Two key drivers for oil and bunker market: OPEC+ and geopolitics
1. OPEC+ confirms that oil production increase will be delayed
Last Wednesday, Reuters reported, based on sources close to decision-makers, that OPEC+ plans to postpone the increase in oil production by 180,000 barrels on December 1 by a month or more.
These plans had already been delayed once, as the production increase was initially planned to start on October 1. The sources that Reuters quotes cite weak demand and rising supply.
Then, on Sunday, OPEC+ officially confirmed that the planned production increase had been postponed. OPEC has built a reputation for announcing changes one month ahead. Furthermore, the exact production quotas are essential for countries like Saudi Arabia that announce OSPs (Official Selling Prices) at the beginning of the previous month. The December OSP from Saudi Arabia has not been published on Monday's editorial deadline.
Hence, despite the recent spike in oil prices due to renewed geopolitical concerns, it did not allow OPEC+ to go through with the production increase.
When the Reuters story came out last week, Brent traded around USD 72.00 and rose to USD 72.50 in the aftermath. If OPEC+ had tried to test the market to see the market reaction, they would probably have been slightly disappointed by the modest market reaction. If the sources had said the production increase would go through, we would not have been surprised to see Brent testing the USD 70 level. On Monday, the day after the announcement, Brent rose another US dollar. However, given the geopolitical concerns over the weekend, it was a relatively modest market reaction.
Overall, we see little room for OPEC+ to increase production in December or next year. The confirmation that the production increase would be further delayed reinforced the view that OPEC+ continues to pursue a price rather than a volume strategy. We anticipate the Brent price moving towards USD 80 throughout 2025. Our view is based on the notion that OPEC+ will add very little extra oil to the market in 2025 and that the global economy will develop better than feared, fuelled by lower interest rates.
2. Geopolitics back on the agenda as Iran might attack Israel from Iraq
Last week, geopolitics returned to the top of the oil agenda. The media outlet Axios reported, based on Israeli intelligence sources, that Iran is preparing a major retaliatory strike from Iraq on Israel. According to Axios, Israeli intelligence suggests the attack is expected to be carried out using a large number of drones and ballistic missiles.

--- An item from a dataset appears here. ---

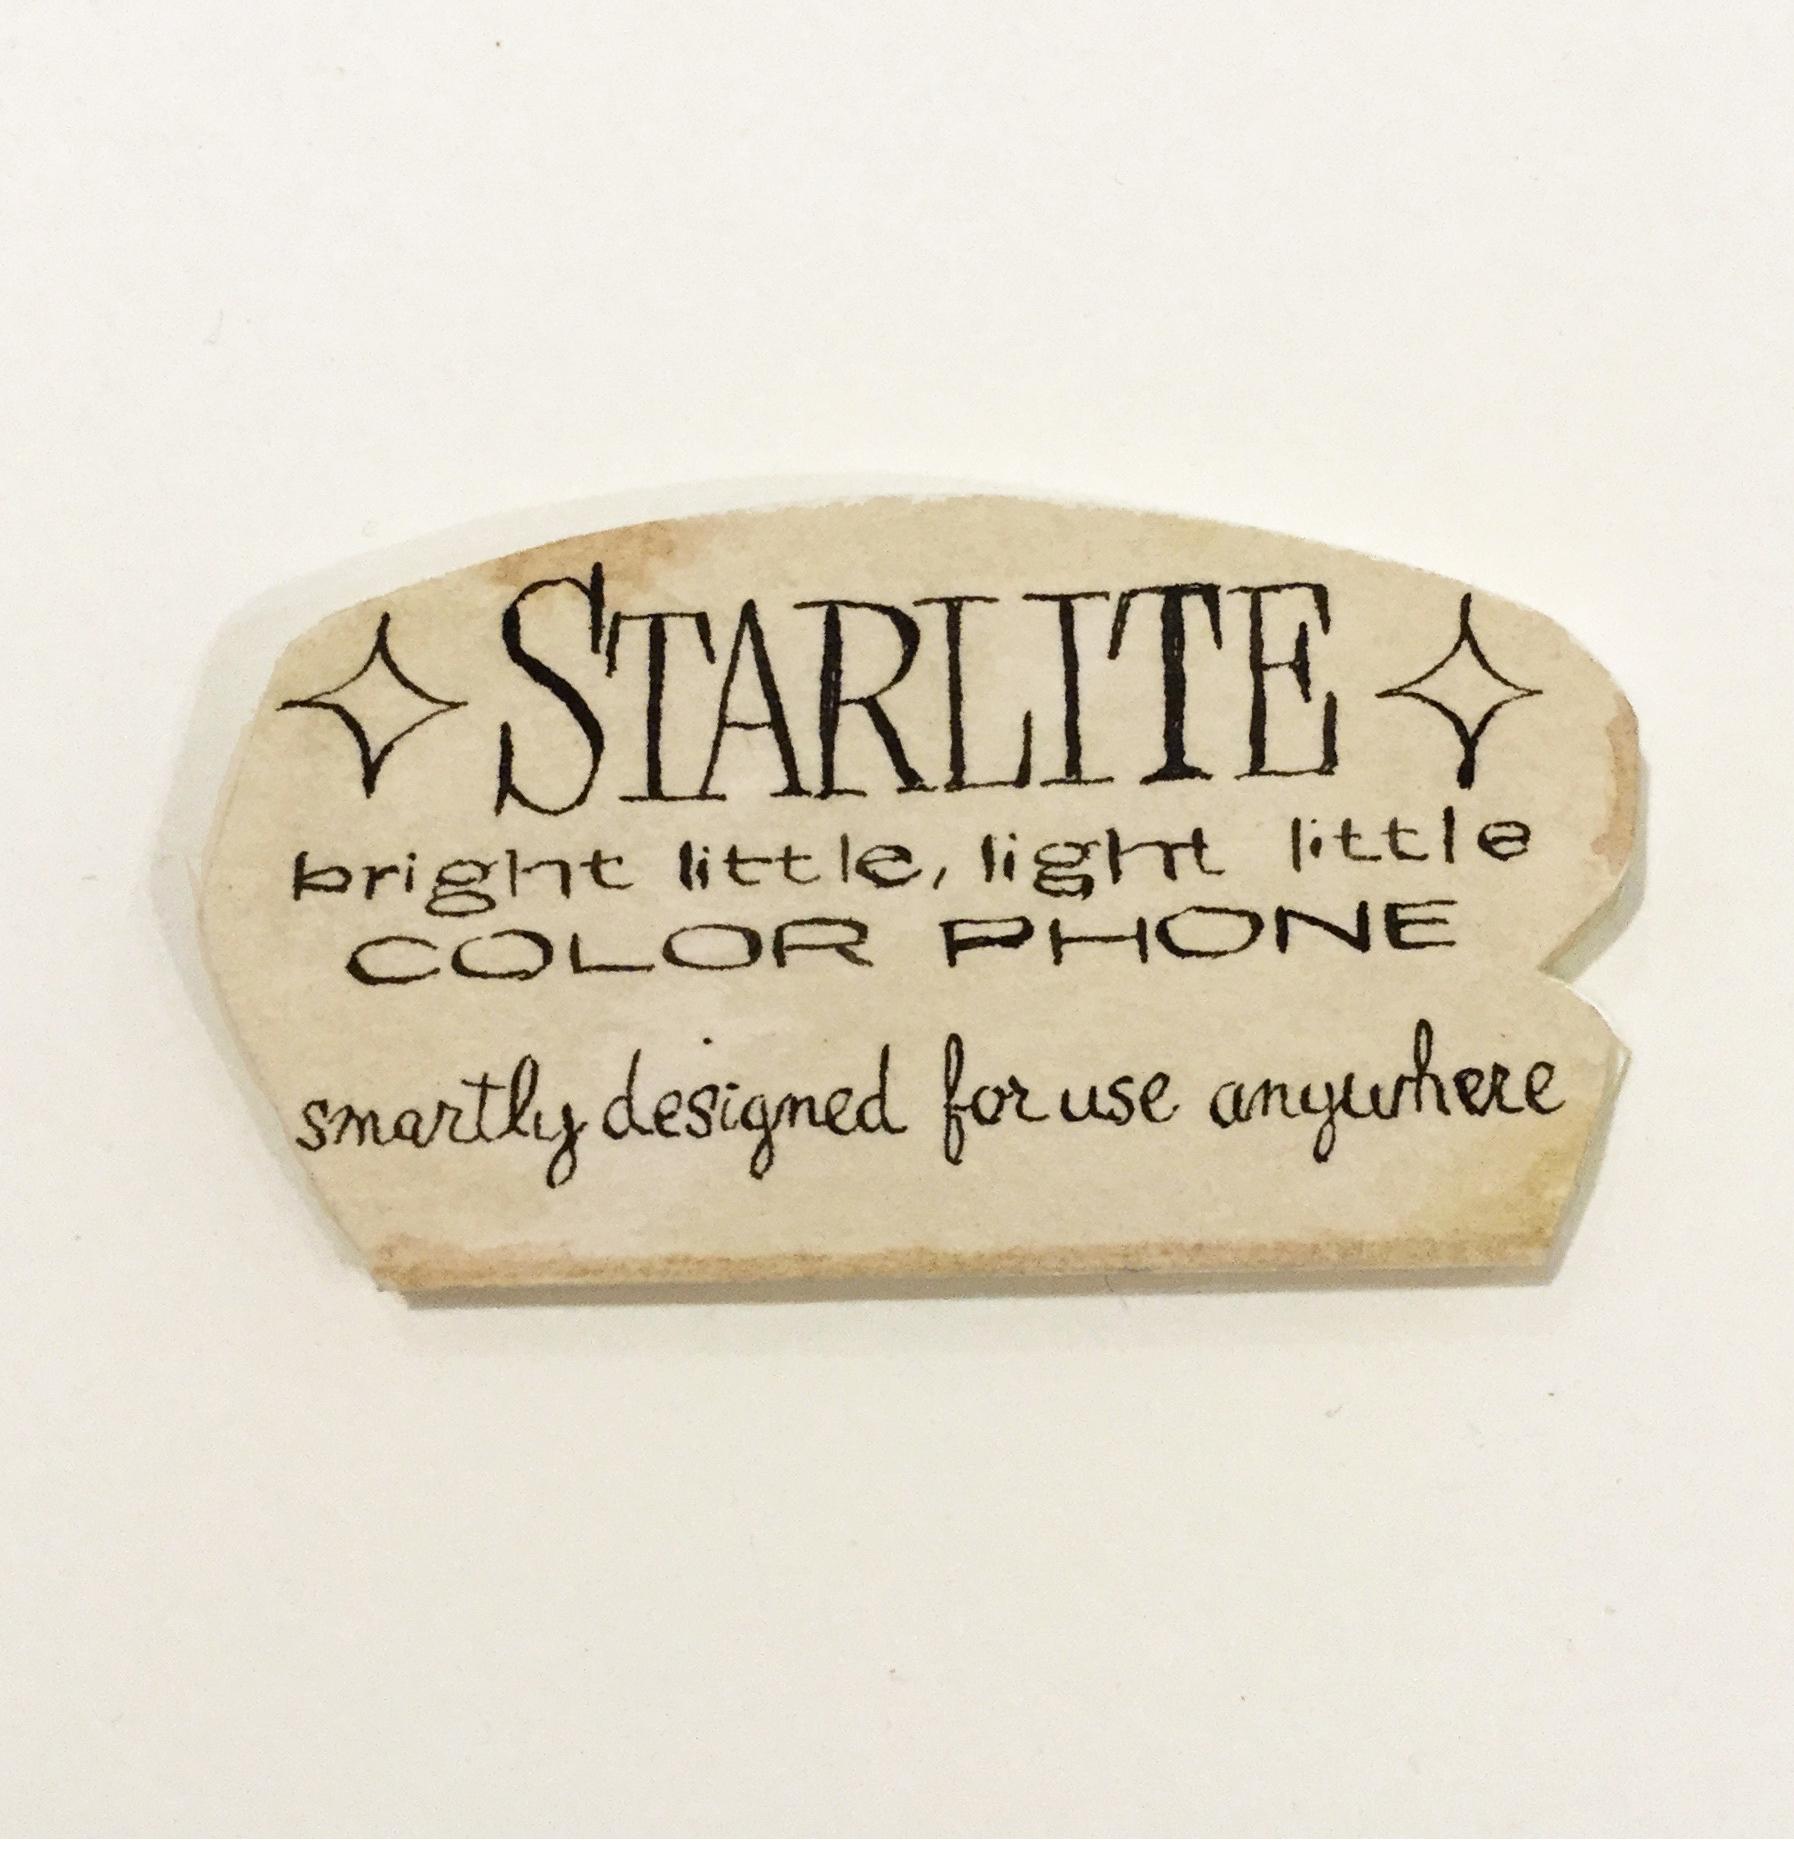 Starlite2.jpg

The Iranian Revolutionary General Hossein Salami said Thursday that Israel made a mistake when it attacked Iran and stressed that Iran's response would be "different from any scenario" Israel might expect. According to FT, he warned that Iran's retaliation would be "unimaginable".
CNN also reported last week that, according to a high-ranking Iranian source, the recent attack on Israel would be met with a "definitive and painful" response.
Hence, it seems that the rhetoric from Iran has changed and been stepped up over the last week, making the Axios story more credible.
The market is expected to price a higher geopolitical risk premium in the coming weeks. Hence, we should expect a nervous market after the election. If an attack occurs, it would represent a significant escalation, and Israel would likely retaliate.
Israeli military chief Lieutenant General Herzi Halevi warned, according to FT last week, that Israel would "strike very hard" if Tehran retaliated. "If Iran makes the mistake of launching another missile barrage at Israel, we will once again know how to reach Iran, with capabilities that we did not even use this time, and strike very, very hard," he said.
Notably, The Wall Street Journal published two interesting articles over the weekend. One referred to a speech by Iran's Supreme Leader stating that Iran would respond harshly to both Israel and the US. However, the other article was more intriguing, as it, based on sources, reported that Iran is carefully considering the consequences of retaliating, given that its air defence was heavily damaged during Israel's latest attack. Should Iran retaliate, a counterattack from Israel could severely impact Iran. This time, we would expect attacks on oil and nuclear installations.
There is also speculation that Israel may strike Iran even without an Iranian attack again after the election, especially if Trump wins.